Awadhi Hafidh – Le grand mariage est la constitution non écrite de facto régissant la majorité des Comoriens qu’ils soient aux Comores ou dans la diaspora. C’est le pacte social reconnu par la majorité des Comoriens, tout en portant un esprit critique sur ce pacte montrant la passivité des notables face aux réformes nécessaires pour la future génération.
On voit dans un passage du roman le héros, suite à la mort de son père, marin pêcheur, dans un tragique accident, où il a été mortellement blessé par un cœlacanthe. Ce poisson rare remonte à avant les dinosaures, il y a des centaines de millions d’années, et on pensait qu’il avait disparu, jusqu’à ce qu’il réapparaisse dans cette région au cours du XXe siècle. Il est devenu un symbole de l’identité comorienne. Dans ce roman, on retrouve la botanique rare des îles, son monde maritime et les sites touristiques primitifs. Je trouvais normal que cela soit au centre du roman. Personnellement, je m’intéresse au désastre du changement climatique et je crois que quiconque espère un avenir meilleur pour les générations futures devrait se préoccuper du désastre qui menace tout le monde sans exception.
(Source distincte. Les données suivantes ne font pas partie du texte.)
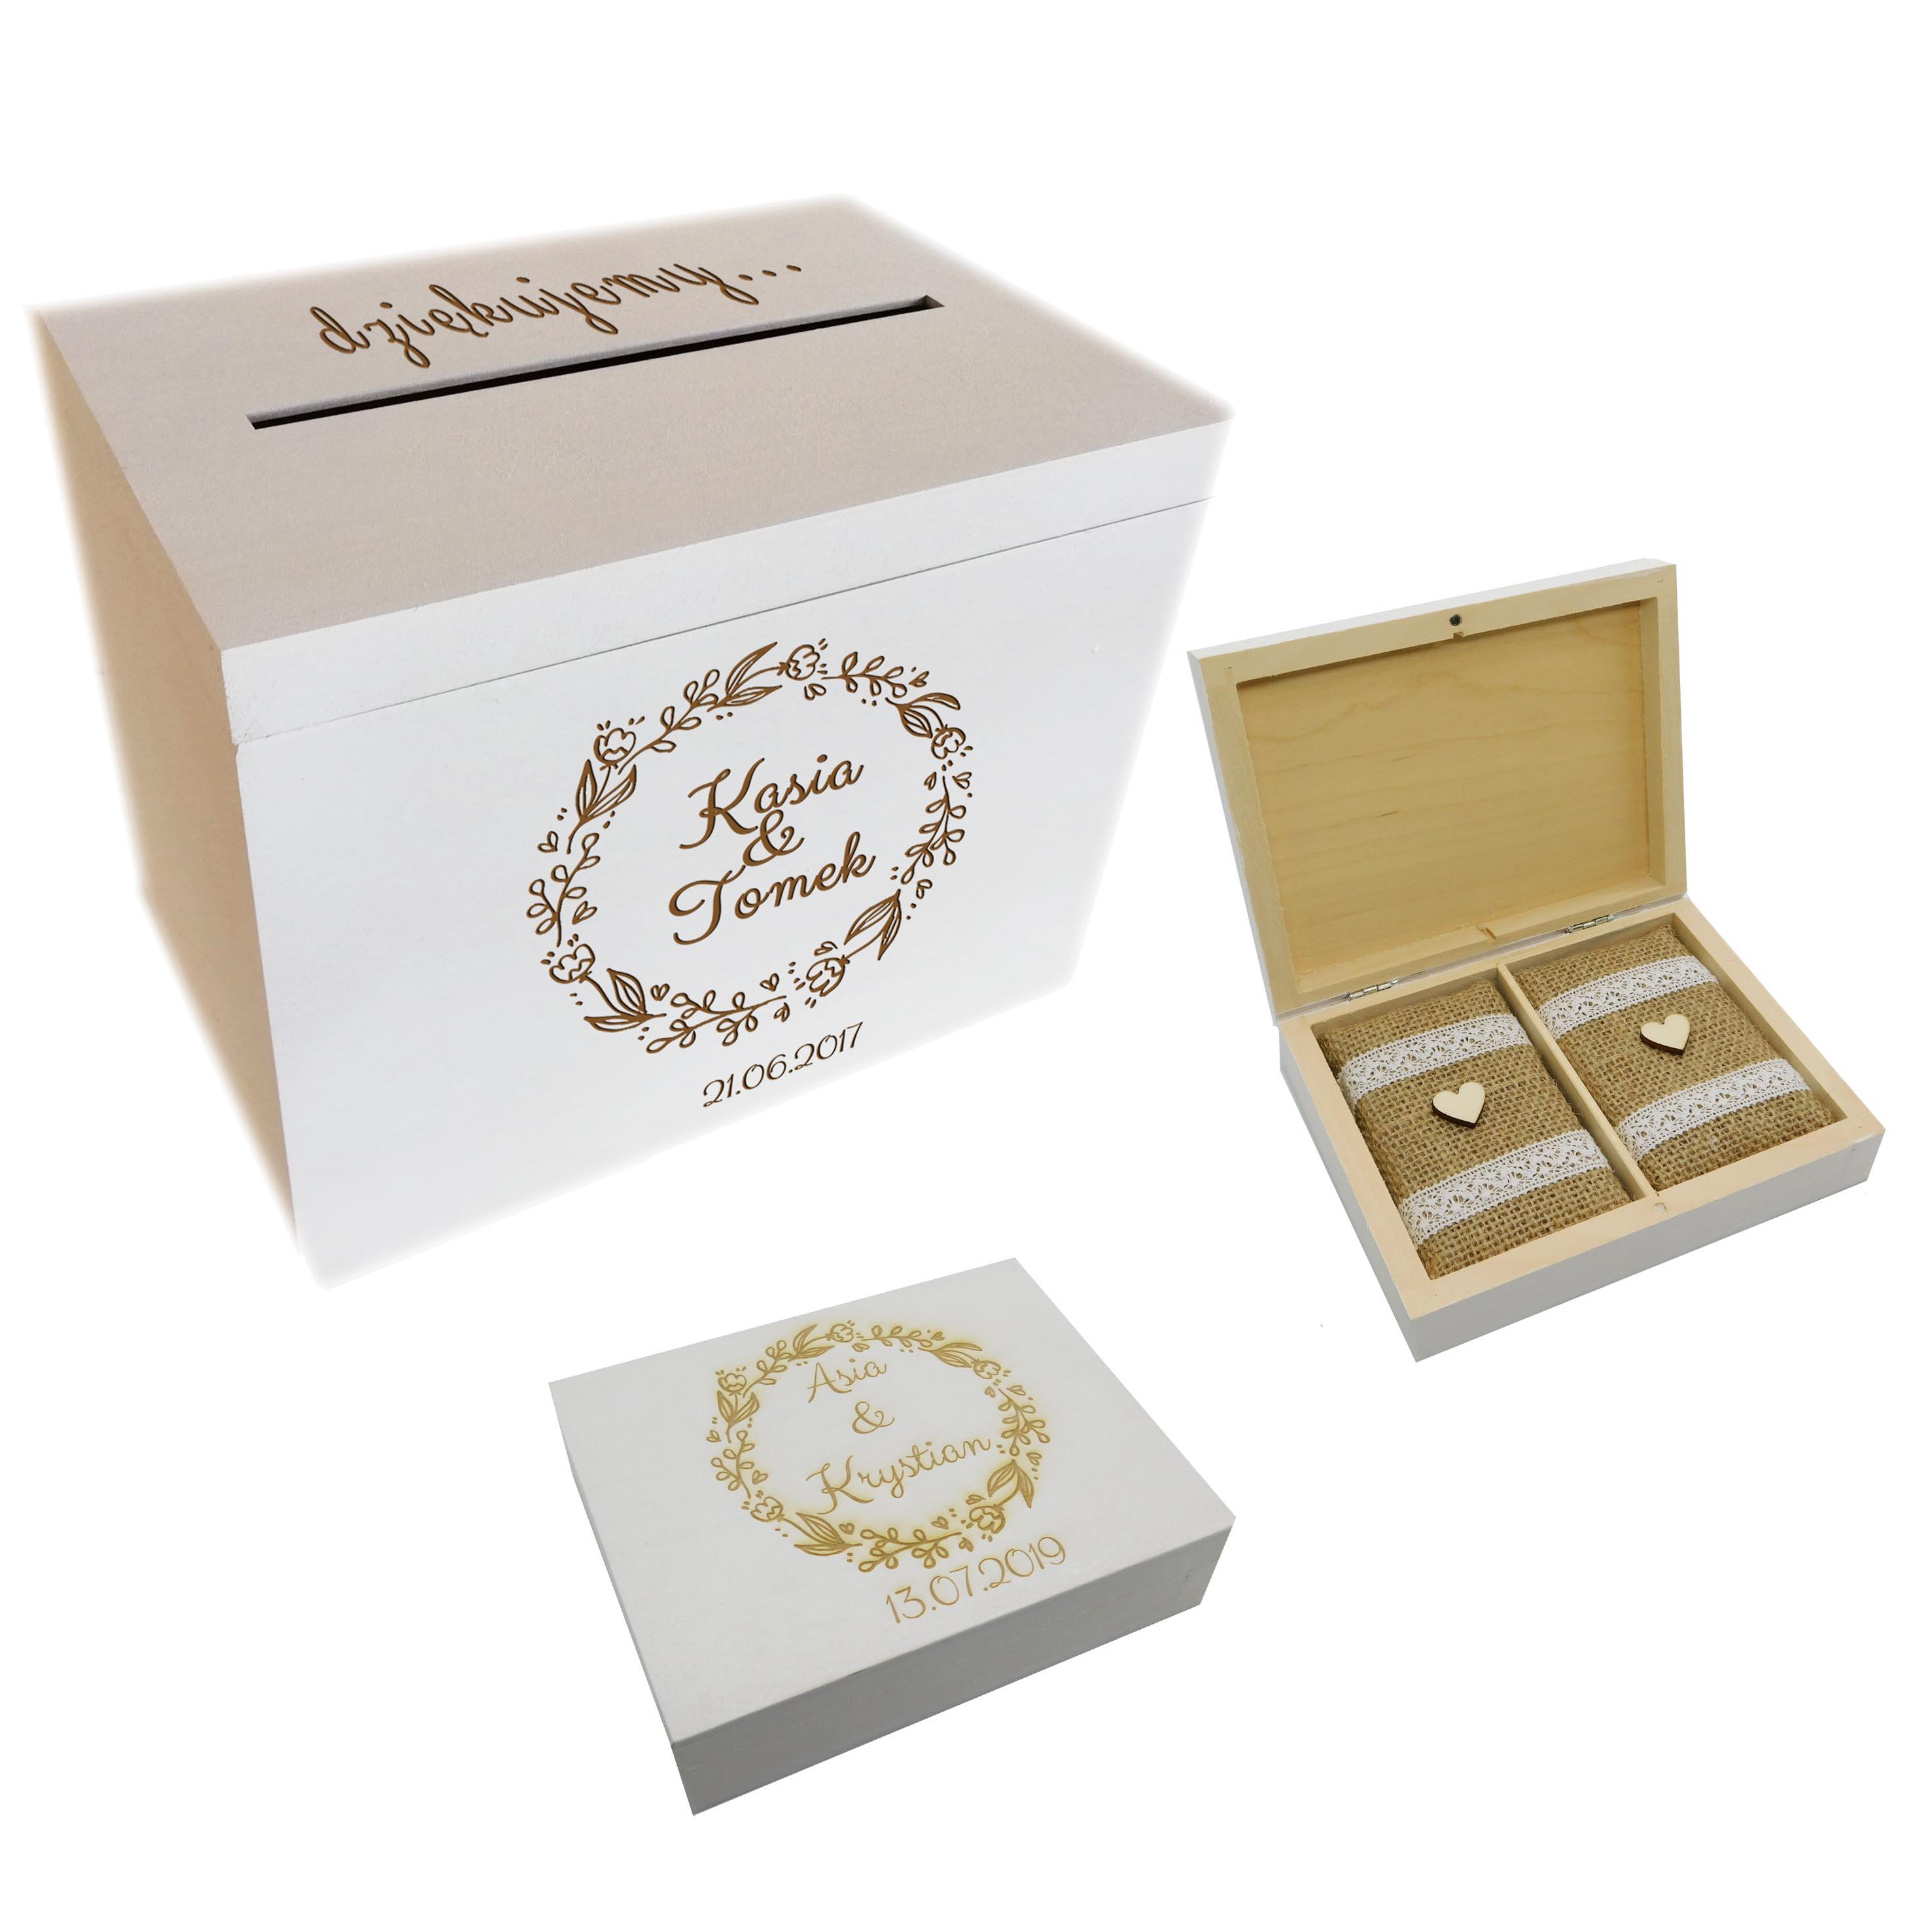 Biały komplet ślubny - skrzynia na koperty i szkatułka z wypełnieniem jutowym

Masiwa – pourtant, un véritable tabou pèse sur les pratiques « dites modernes » du Anda ?
Awadhi Hafidh – Le roman pousse le débat à examiner plus à fond dans un processus critique, la passivité des notables et du système social face aux sujets tabou en vertu des convenances sociales et morales. On voit dans un passage du roman, Moina Arafa dit que « le plus jeune oncle a suivi les traditions comoriennes et s’est marié tardivement, environ un mois après son retour de l’île de Madagascar. Il semblait préserver les traditions du grand mariage comme s’il n’avait jamais quitté l’île, alors il accéda au titre de notable et obtient le statut… bonheur et satisfaction, il est devenu finalement – un homme important, après avoir compris le sens et le but des coutumes grâce à son travail dans des zones reculées, aux expériences qu’il a vécues et à sa connaissance diversifiée des montagnes, des mers et les arbres ombragés, verts et fleuris ».
Masiwa – C’est aussi une histoire d’amour ?
Awadhi hafidh- C’est une histoire d’amour qui a abouti au mariage et la récupération par Jaafar de son identité de citoyen comorien. “L’amour est une croyance et un lieu où tout le monde est accueilli”.
Masiwa – Est-ce qu’il y aura un autre livre prévu dans un avenir proche ?
Awadhi Hafidh – « Les quatre faces des îles » est le premier livre que je publie. J’ai un autre roman qui est dans le processus pour une publication au mois de janvier prochain, j’espère. Et je suis dans la finalisation d’un troisième roman, j’espère dans quelques mois. C’est un rêve infini comme je dis.